- _DATA SECTION_:
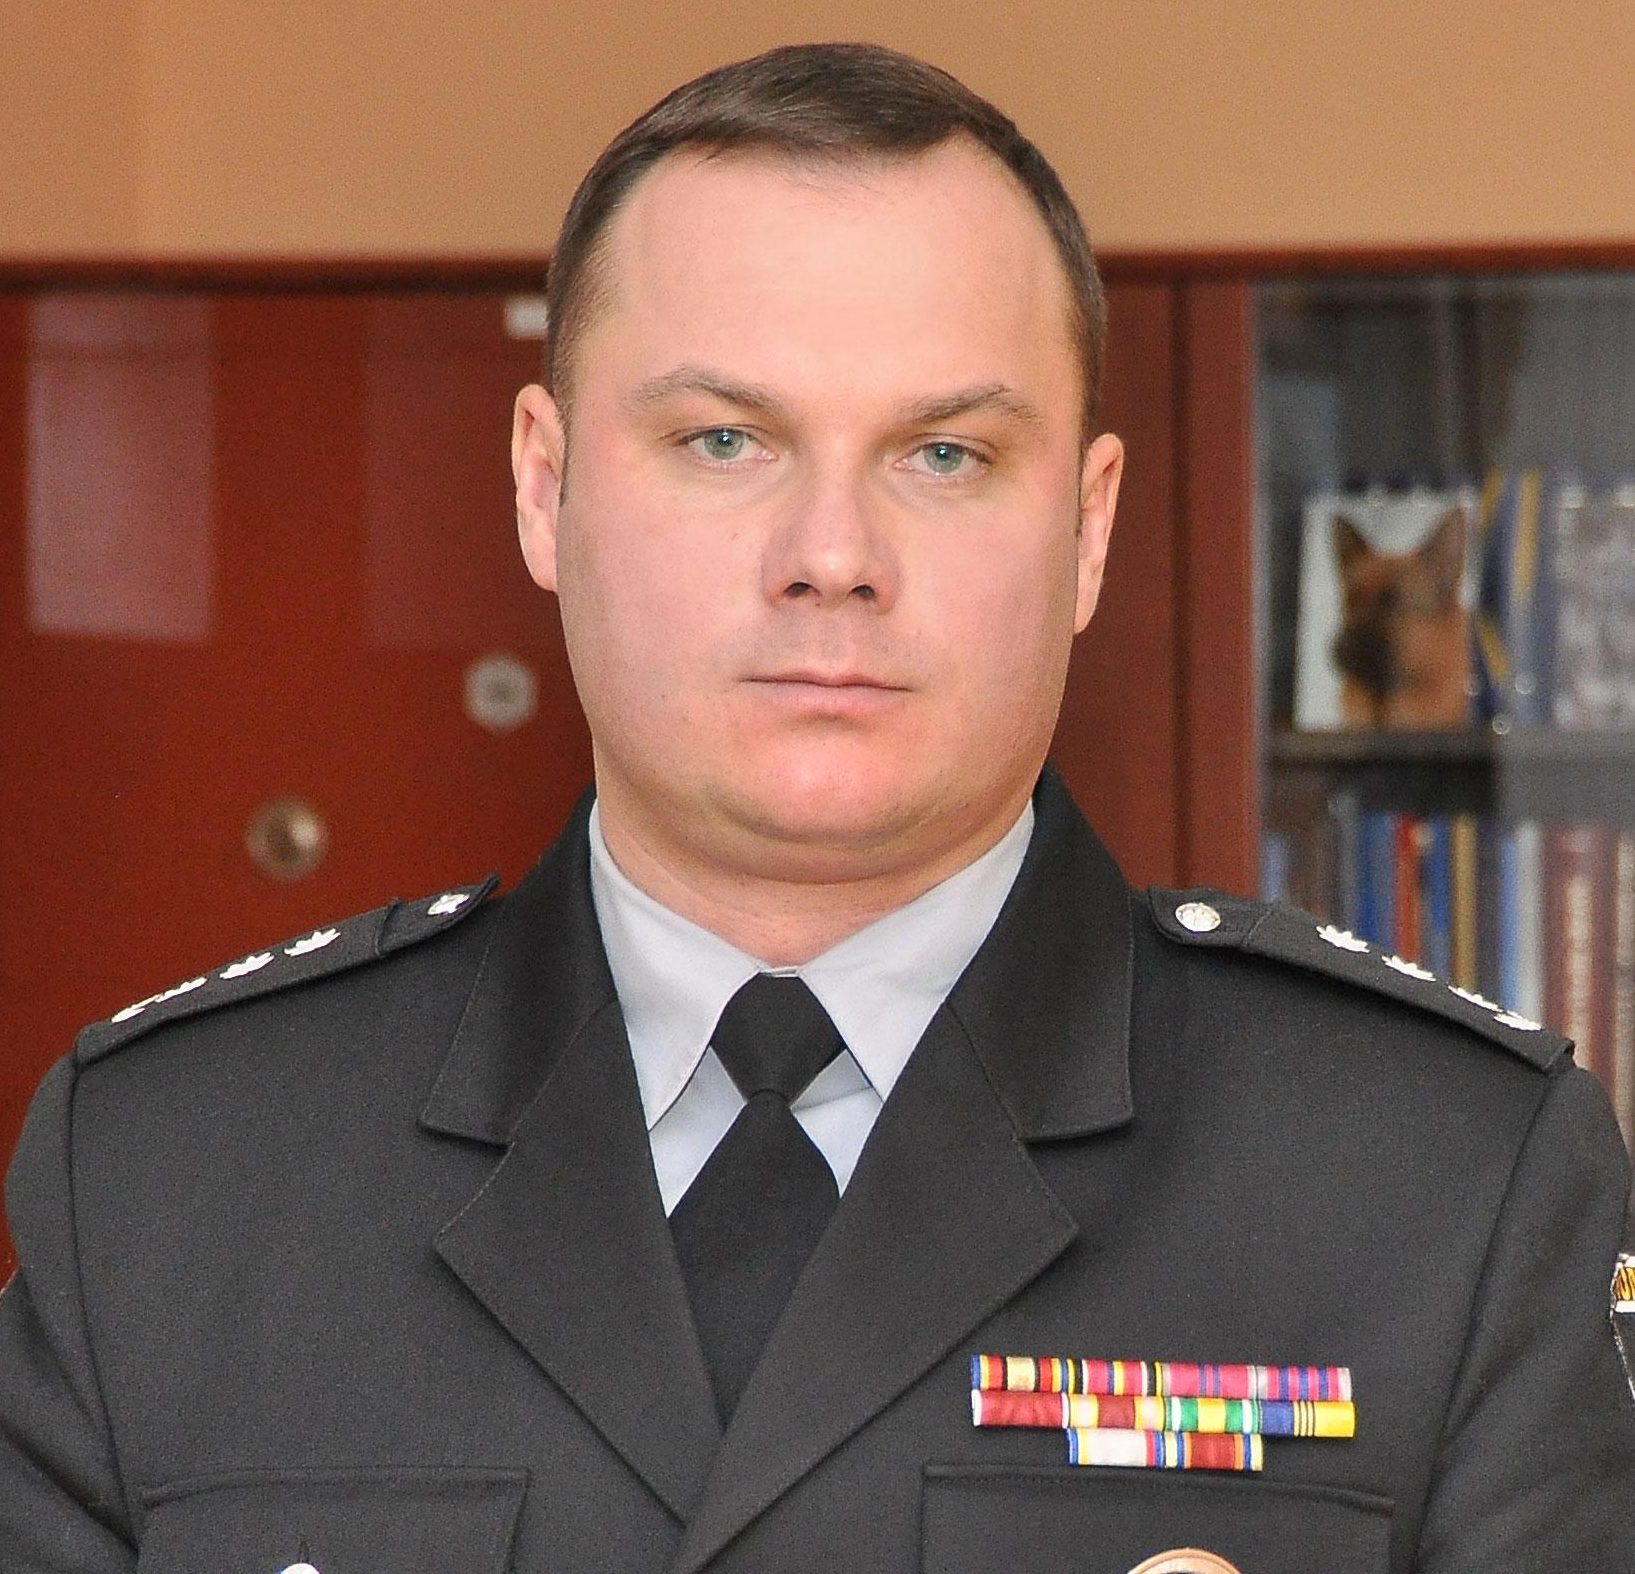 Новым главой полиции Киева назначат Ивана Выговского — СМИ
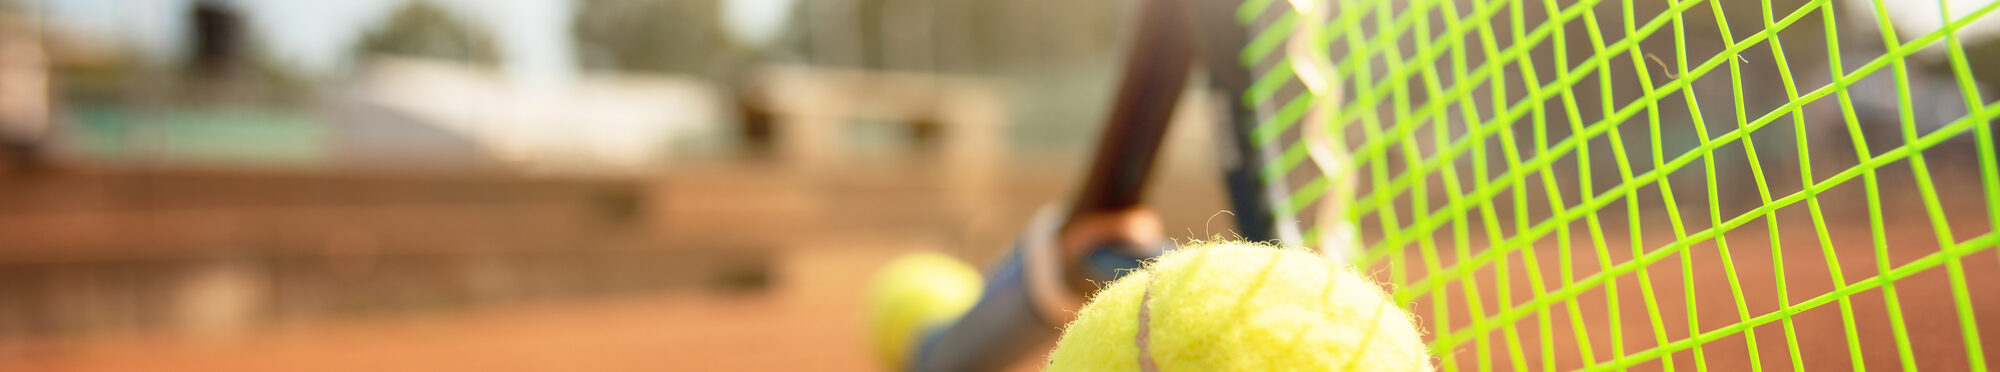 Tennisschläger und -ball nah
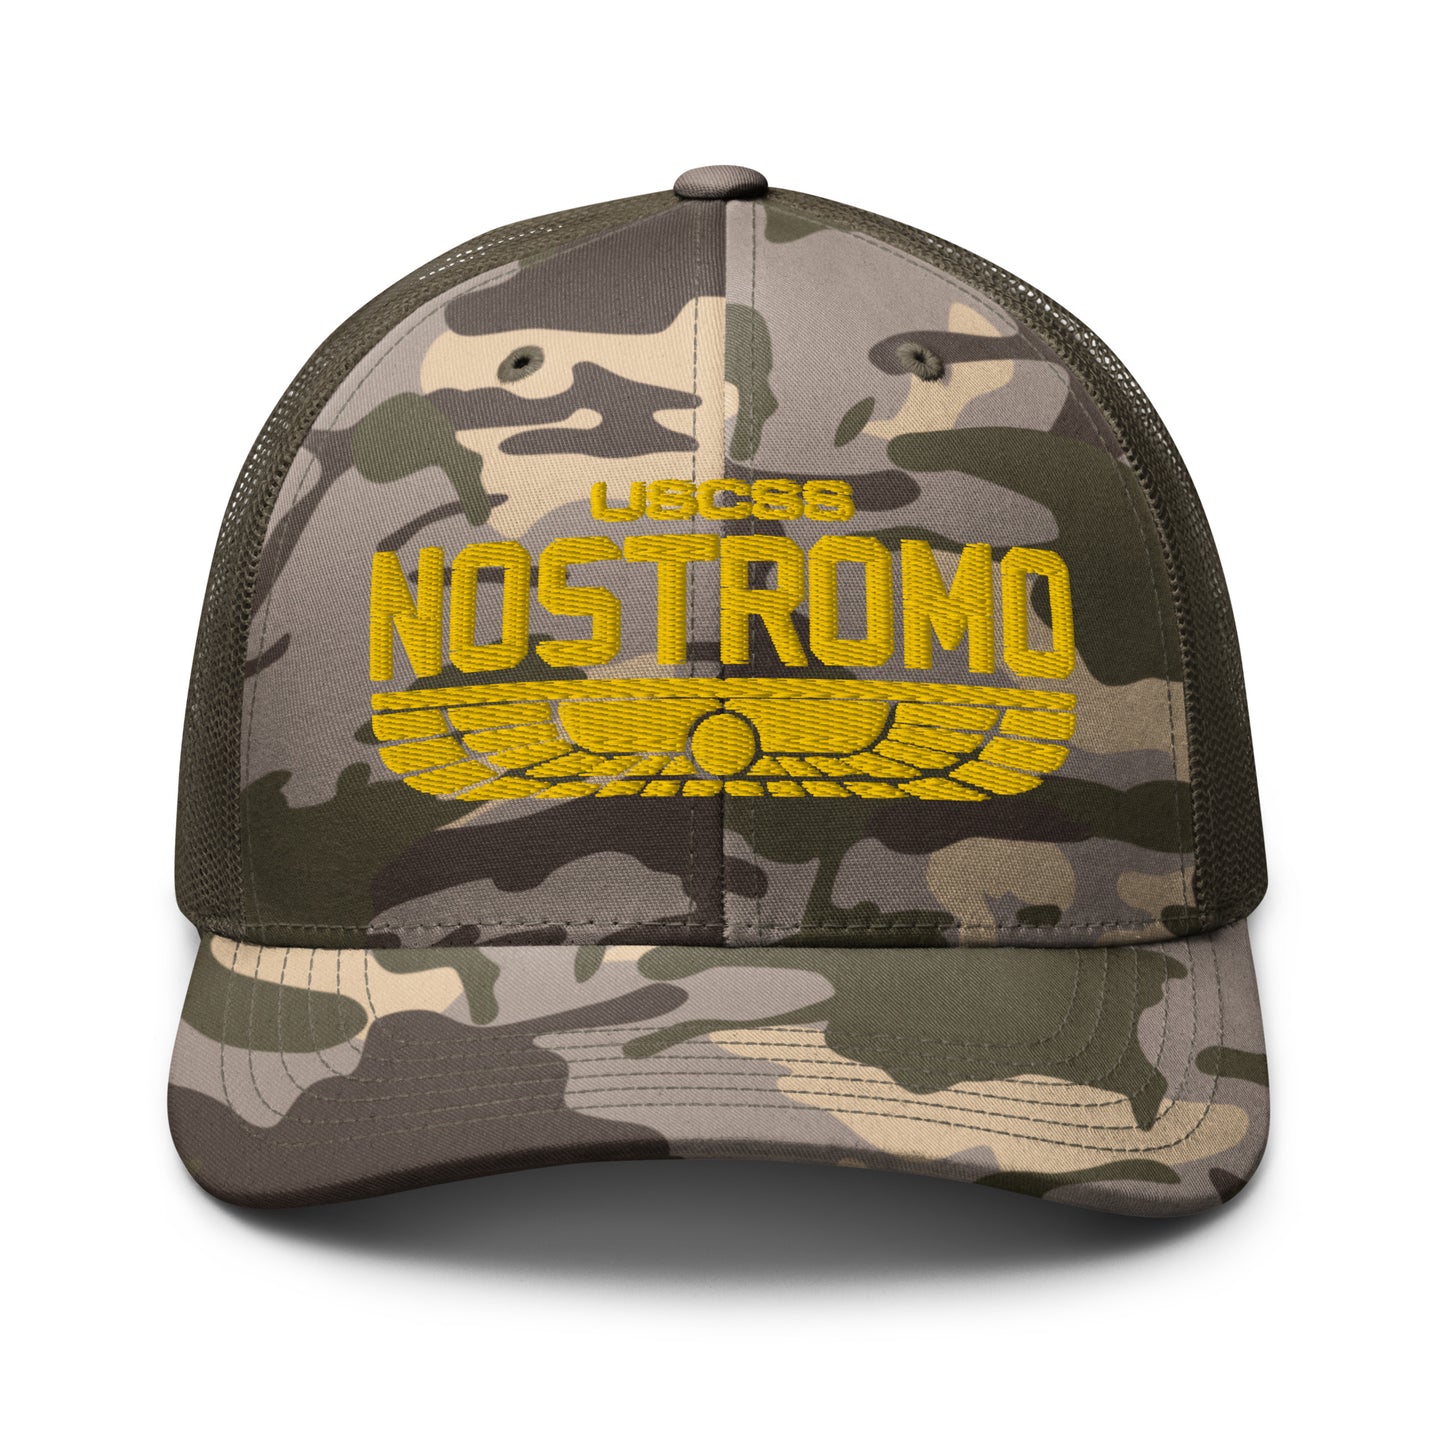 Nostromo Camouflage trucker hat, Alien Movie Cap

- _WHAT IS BEING ASKED_: Each line from the one containing "Tennisschläger und -ball nah" through the last line of the listing must be copied exactly, and the pictures must not be.

- _TASK RESULT_:
 Tennisschläger und -ball nah
 Nostromo Camouflage trucker hat, Alien Movie Cap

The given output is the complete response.